The way I see it, hygiene manifests both as a physical and a psychological entity. The moment one starts thinking clean, one starts being clean. Between these two states, and by addressing them through two diverse media, we had the two distinct audiences covered. As we scale up the initiative, we could look to diversify the media to amplify the idea.

Usually people tend to switch off when the campaign is too preachy or too negative. How has Viacom18 avoided that and kept the people engaged?
The idea was not to play judge or a sermonising figure, rather explore what cleanliness meant to us in our regular lives. To that end, we conducted a series of social experiments released the videos on social media with the intent to monitor and learn from the conversations that they would generate. 2.5 million views on Facebook and a Twitter trend later, we now have a rich bank of insights to mine through!

The #GetAngry Project started out as an experiment to validate certain takeaways from our research findings. Given the overwhelming response it has generated, we would like to build upon this momentum to carry forward the overarching Chakachak Mumbai campaign and its underlying thought of “the road to prosperity lies through cleanliness”.

Areas like hygiene and responsibility towards one’s surroundings require huge attitudinal and behaviourial change. Do you think initiatives like Chakachak Mumbai and #GetAngry Project are adequate to bring about that change? What more needs to be done?
In isolation, a social initiative is hardly enough to bring about a meaningful mass behaviorial change. The efficacy of such initiatives lie in their power to build a cohesive momentum that can mobilise enough people to act as agents of change.

Through Chakachak Mumbai and #GetAngry Project we’ve tried to initiate our contribution in kickstarting this momentum. It is only through perseverance that we can attain the critical mass needed to usher in meaningful winds of change.

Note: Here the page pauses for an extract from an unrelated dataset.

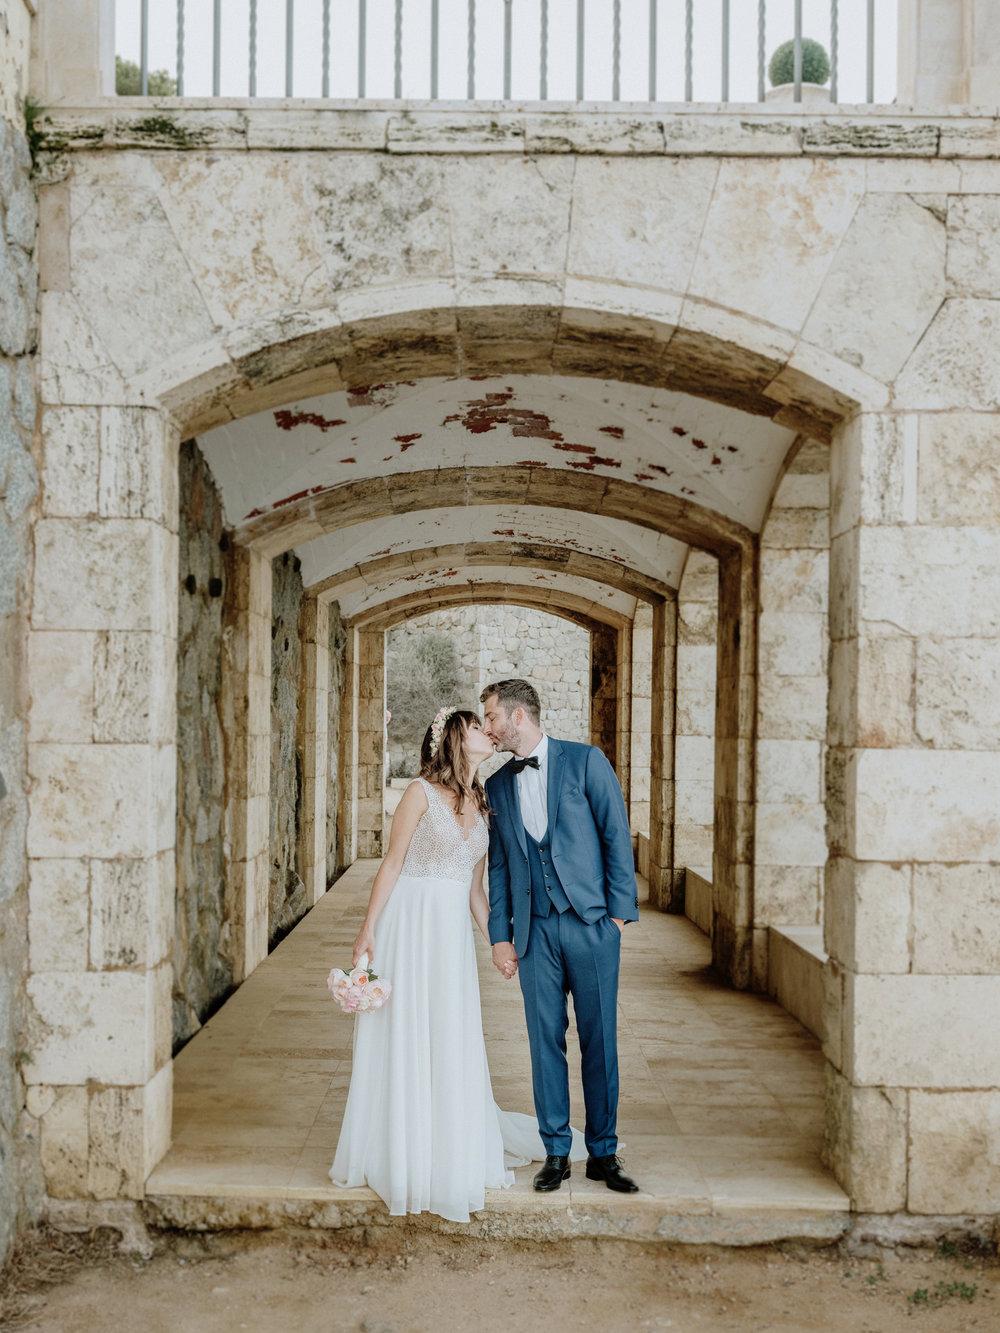 fotografo-boda-barcelona0054.jpg
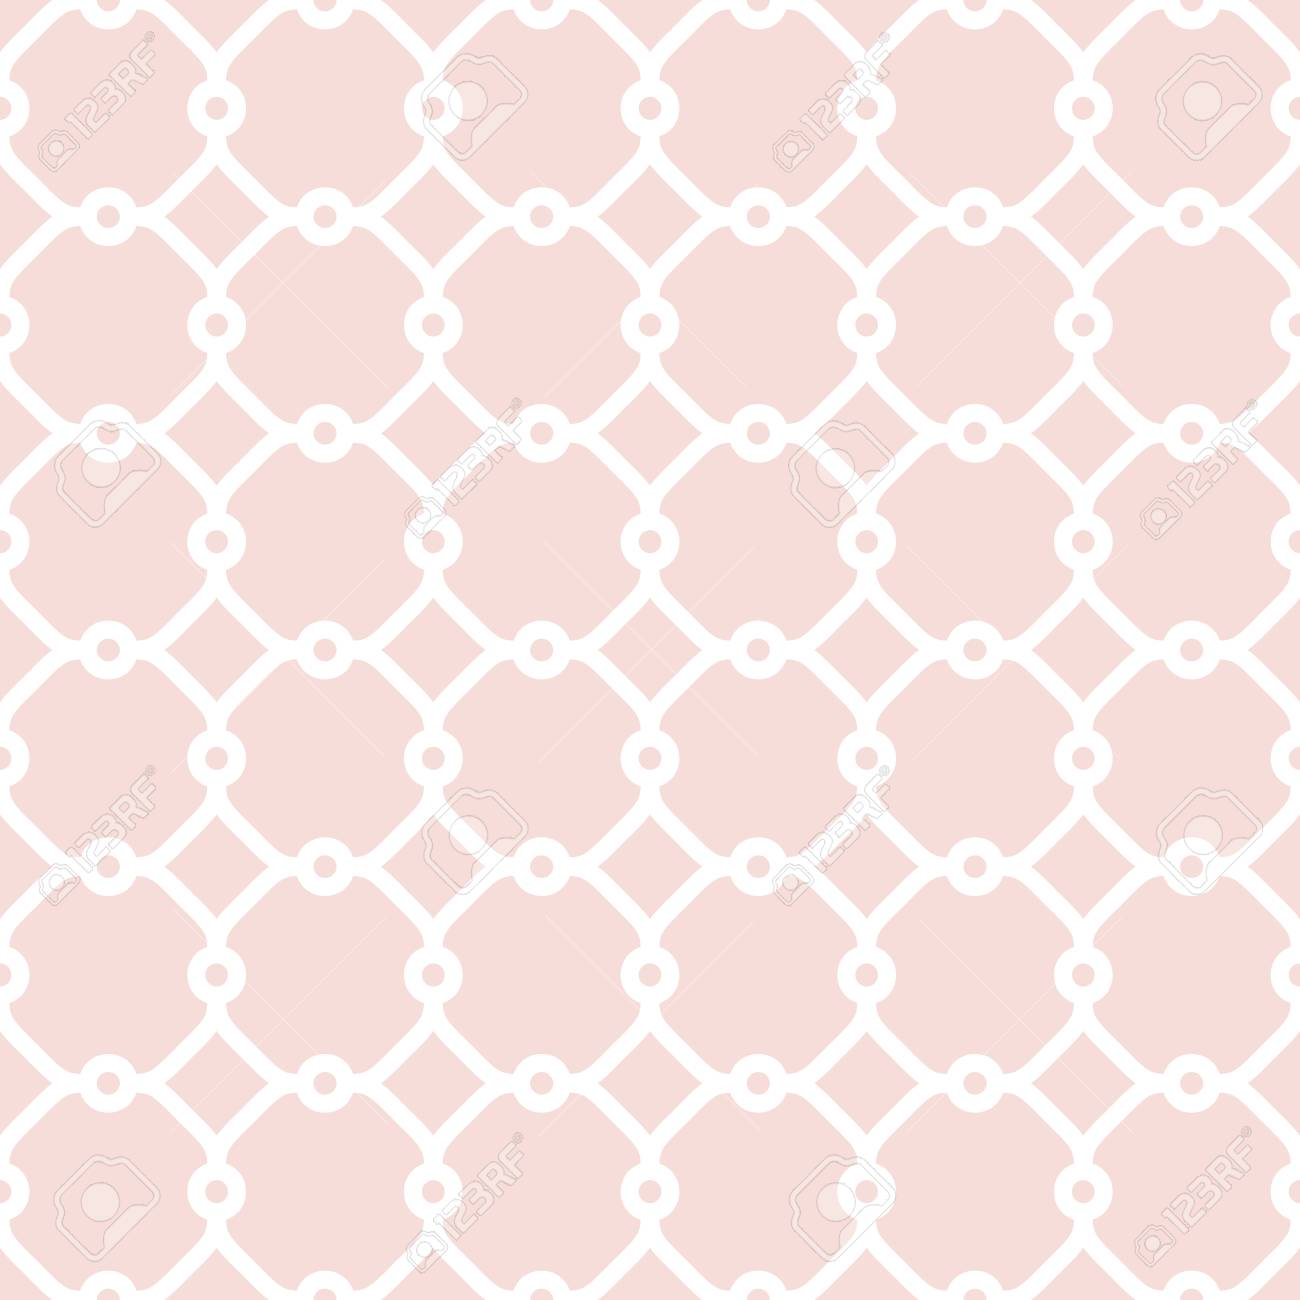 feine geometrische rosa und wei muster mit orientalischen elementen nahtlose grill fr tapeten und - Tapete Orientalisches Muster

What next have you planned as part of this initiative? Where do you go from here?
One of the primary motivations for us was to leverage our storytelling capabilities to bring in effective behavior change communication. To attain the dream of Swachh Bharat we need a behaviorial change programme that communicates the reasons and benefits of an India that is clean in both mind and body. We have just begun communicating this through our underlying BCC theme – the road to prosperity lies through cleanliness. We intend to continue building on this theme, both at micro and macro levels, through our on ground interventions and BCC campaigns.

The place to go is defined pretty well – a cleaner, healthier and prosperous India. It is the journey that we wish to define!